===== Source data =====

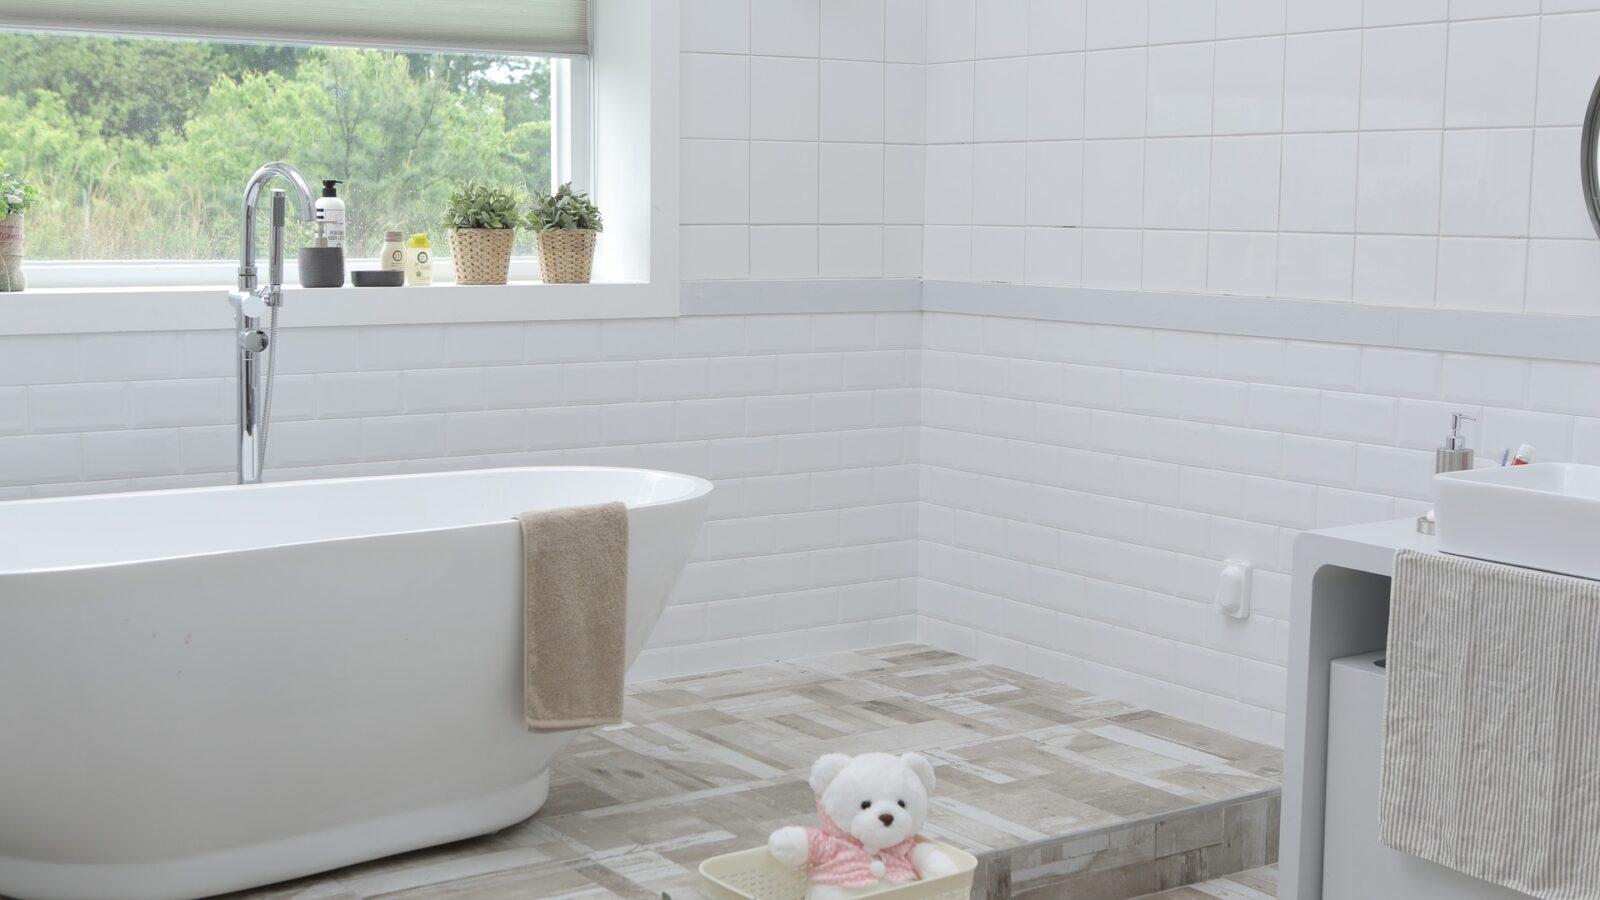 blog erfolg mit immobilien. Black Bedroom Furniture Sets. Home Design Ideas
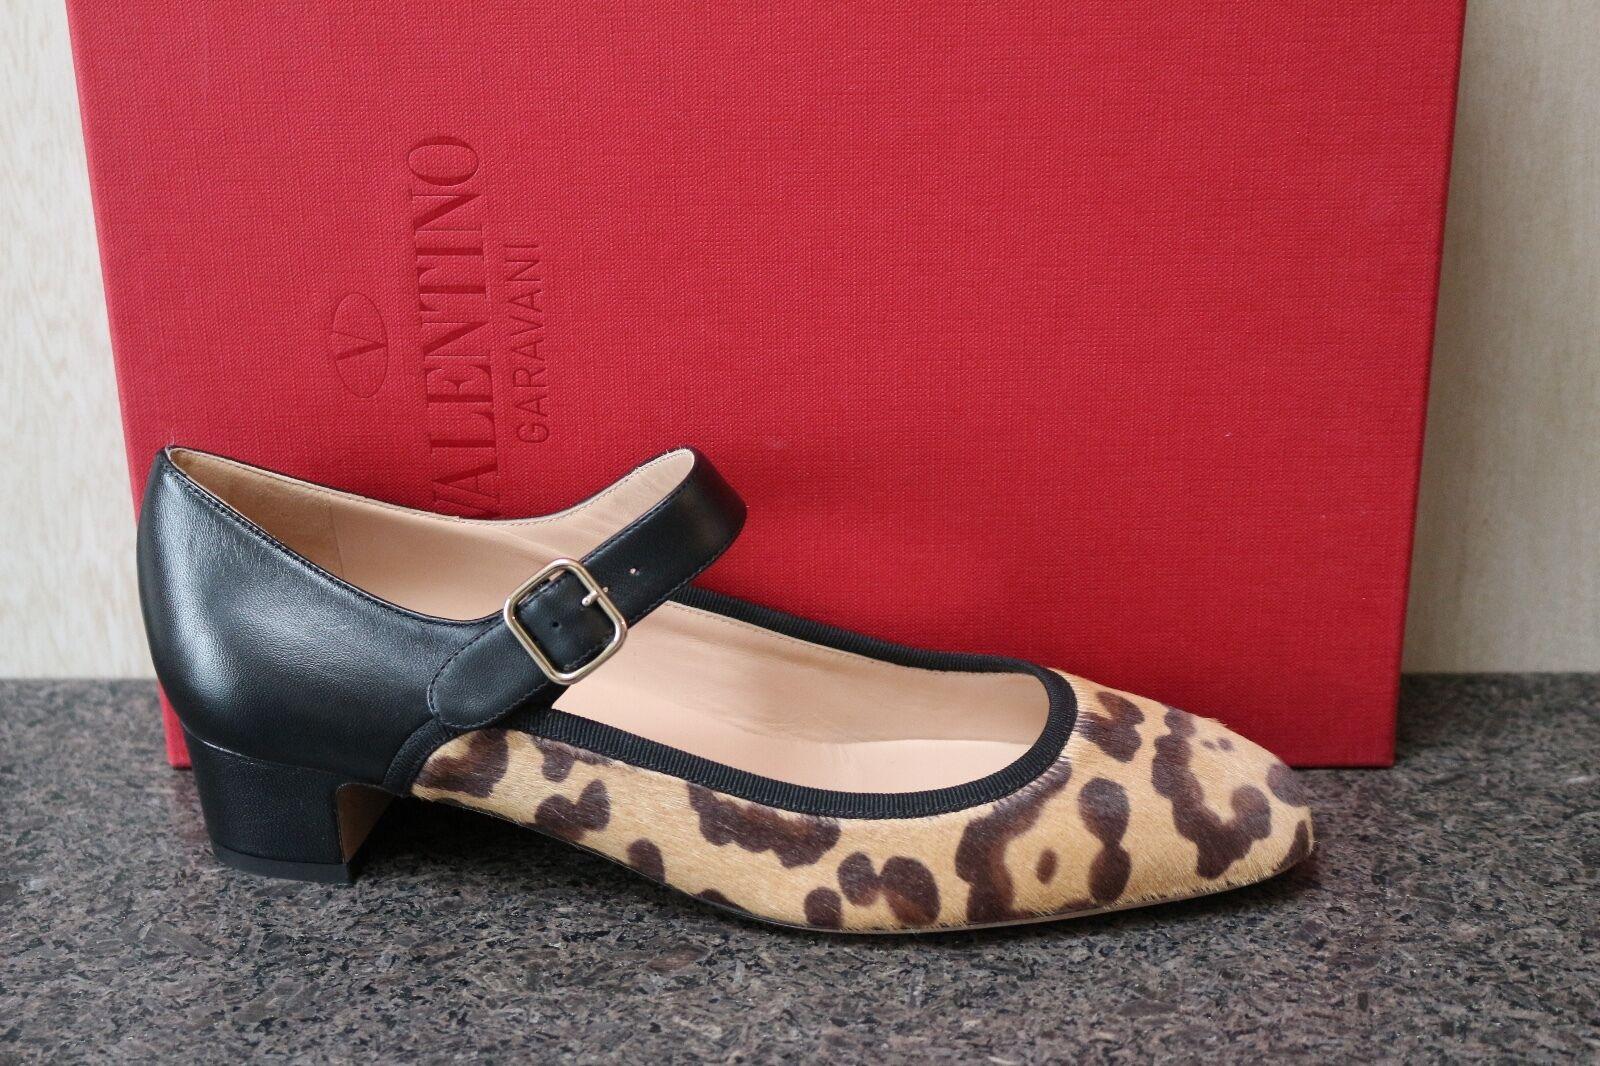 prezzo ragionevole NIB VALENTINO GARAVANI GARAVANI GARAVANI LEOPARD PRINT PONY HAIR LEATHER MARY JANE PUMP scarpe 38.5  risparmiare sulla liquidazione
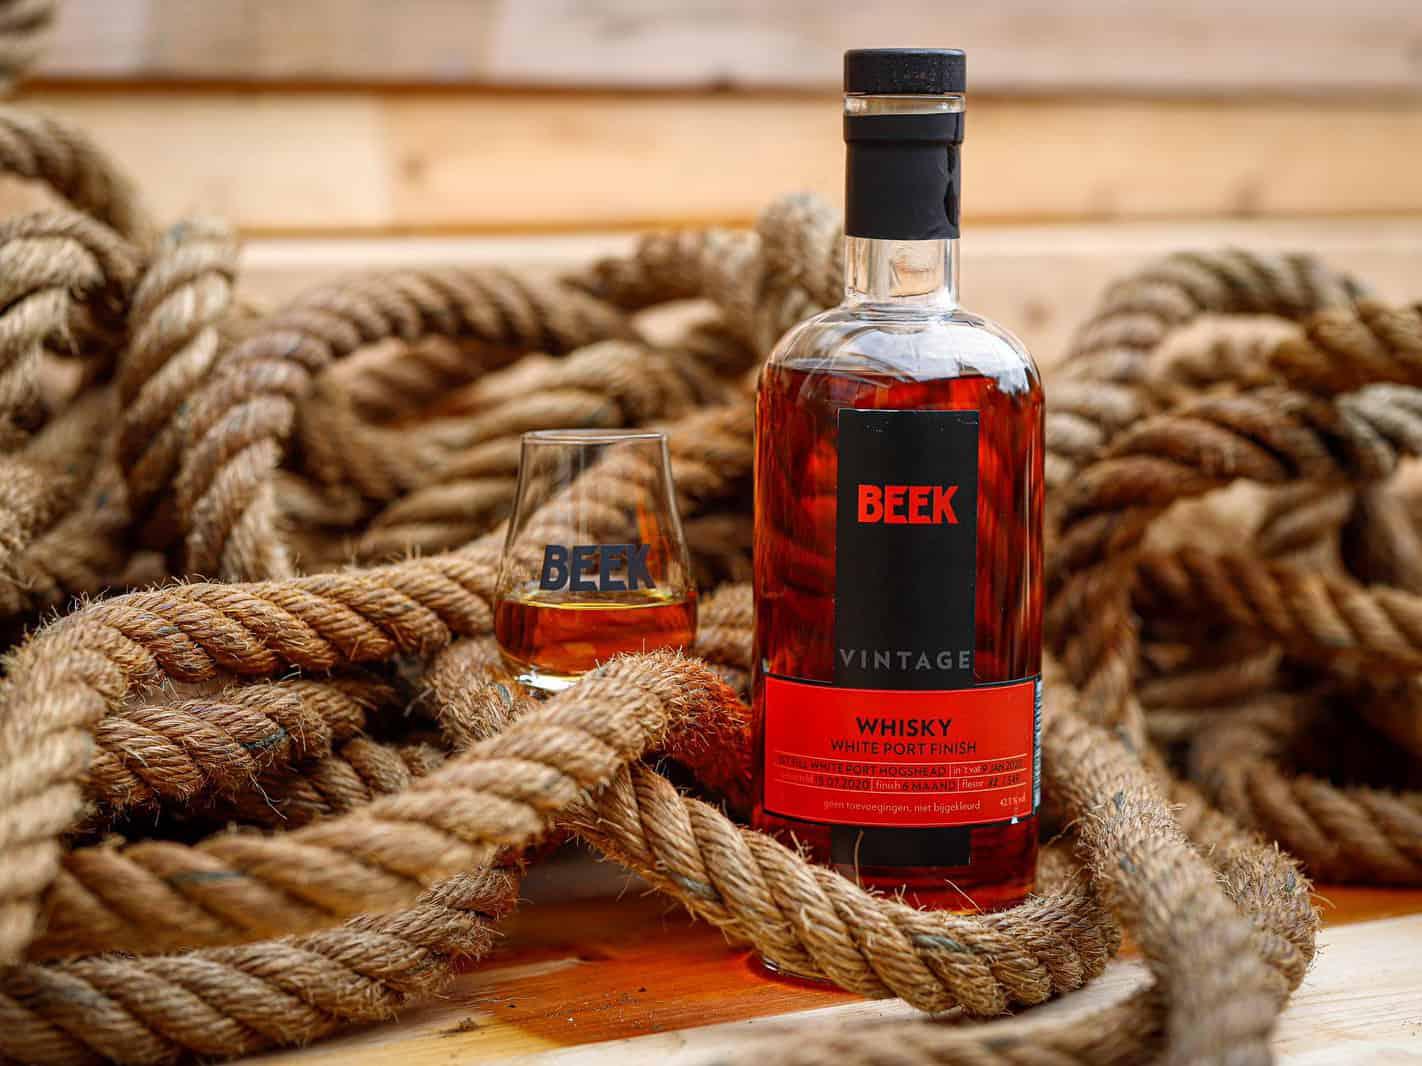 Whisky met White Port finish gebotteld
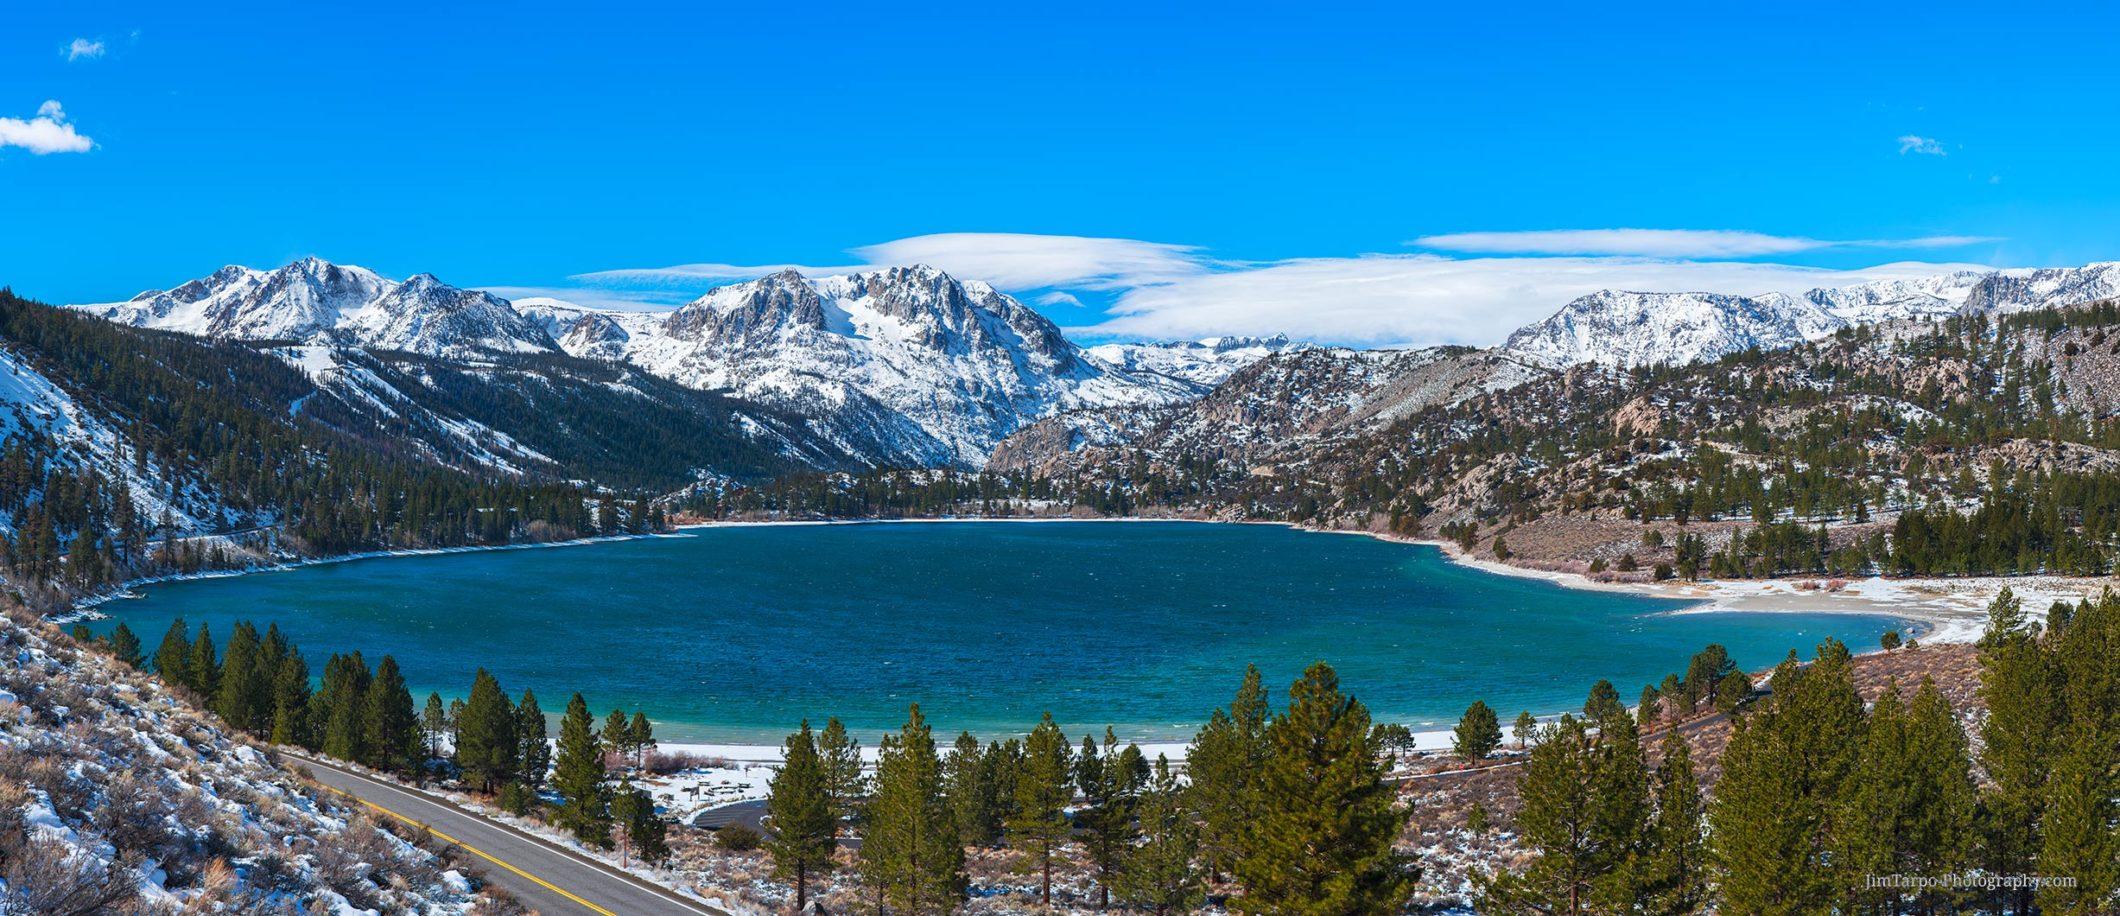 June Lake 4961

=====

Down to the final line, restate the material above word for word, but omit its pictures.

### Solution to the problem
 blog erfolg mit immobilien. Black Bedroom Furniture Sets. Home Design Ideas
 prezzo ragionevole NIB VALENTINO GARAVANI GARAVANI GARAVANI LEOPARD PRINT PONY HAIR LEATHER MARY JANE PUMP scarpe 38.5  risparmiare sulla liquidazione
 Whisky met White Port finish gebotteld
 June Lake 4961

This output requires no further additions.